Data Source: OpenMathReasoning, Mixture-of-Thoughts, OpenScience

📊 Data Pipeline

Data Decontamination and Deduplication: Decontaminate data against evaluation benchmarks and deduplicate samples from the SFT training dataset.
Data Selection: We first utilize Qwen2.5-32B-Instruct to annotate each sample with domain-specific labels. For each category, we select the problems with the longest solution, representing the most challenging problems. Our SFT model then generates responses for these selected problems, which are used in the subsequent rejection sampling step.
Reject Sampling: We employ Qwen2.5-32B-Instruct to evaluate the SFT model's responses to math and science questions, and utilize an internal sandbox service to verify the correctness of code-related answers. For each domain, we select false samples with the longest solution lengths from each category, ensuring a balanced number of samples across categories. We directly use the solutions generated by DeepSeek-R1 as the positive samples, and pair them with the selected false samples to construct training pairs.

🏗️ Training Procedure

🧠 Alignment Algorithm: Direct Preference Optimization (DPO)

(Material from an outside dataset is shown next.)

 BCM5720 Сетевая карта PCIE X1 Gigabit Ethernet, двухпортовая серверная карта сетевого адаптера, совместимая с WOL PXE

⚙️ Training Hyperparameters:

Hyperparameter	Value
Batch Size	16
Learning Rate	5e-7
LR Scheduler	cosine
Warmup Ratio	0.1
Epoch	3
Sequence Parallelism	4
Loss	sigmoid preference loss
Preference Beta	0.1

📊 Evaluation

We evaluate InfiAlign-Qwen-7B-DPO on a range of benchmarks to assess its reasoning, problem-solving, and code generation capabilities. All metrics are reported as Pass@1 under a consistent regex-based answer extraction pipeline, adapted from LIMO.

🧪 Benchmark Overview

AIME24 / AIME25: American Invitational Mathematics Examination problems (Olympiad-level high school math).
MATH500: Subset of the MATH dataset focused on complex mathematical reasoning.
GPQA (Graduate Physics QA): Advanced physics multiple-choice questions.
MMLU-Pro: Professional-level subset of the Massive Multitask Language Understanding benchmark.
LiveCodeBench: Code reasoning benchmark using real-world coding problems.

🏆 Performance Comparison (Pass@1)

Model	Initial CKPT	Data Size	AIME 2025 (avg@64)	AIME 2024 (avg@64)	MATH500 (avg@4)	GPQA Diamond (avg@8)	MMLU-Pro (pass@1)	LiveCodeBench-v5 (avg@8)	Avg.
Qwen2.5-7B-Instruct	Qwen2.5-7B-Base	1M	8.80	11.93	76.15	38.70	57.49	15.77	34.80
Qwen2.5-Math-7B-Instruct	Qwen2.5-7B-Math-Base	2.5M	6.72	6.67	82.40	31.12	43.06	2.68	28.78
DeepSeek-Distill-Qwen-7B	Qwen2.5-7B-Math-Base	800K	37.97	55.50*	92.80*	49.10*	54.16	37.60*	54.43
OpenThinker2-7B	Qwen2.5-7B-Instruct	1M	38.70*	60.70*	87.60*	47.00*	40.60*	37.50	52.01
Light-R1-7B-DS	DeepSeek-Distill-Qwen-7B	3K	44.30*	59.10*	91.35	49.40*	54.95	38.40	56.25

InfiAlign-Qwen-7B-SFT-92K (ours)	Qwen2.5-7B-Math-Base	92K	43.39	56.46	92.35	48.48	53.51	34.05	54.70
InfiAlign-Qwen-7B-DPO-9K (ours)	InfiAlign-Qwen-7B-SFT-92K	9K	44.06	61.04	91.95	48.17	49.90	34.54	54.94

InfiAlign-Qwen-7B-SFT-165K (ours) 🤗	Qwen2.5-7B-Math-Base	165K	42.19	63.75	92.70	53.60	56.68	36.20	57.52
InfiAlign-Qwen-7B-DPO-10K (ours) 🤗	InfiAlign-Qwen-7B-SFT-165K	10K	47.45	61.25	93.45	51.77	53.95	35.30	57.20

🧪 Usage

Here is a code snippet with apply_chat_template showing you how to load the tokenizer and model and how to generate content.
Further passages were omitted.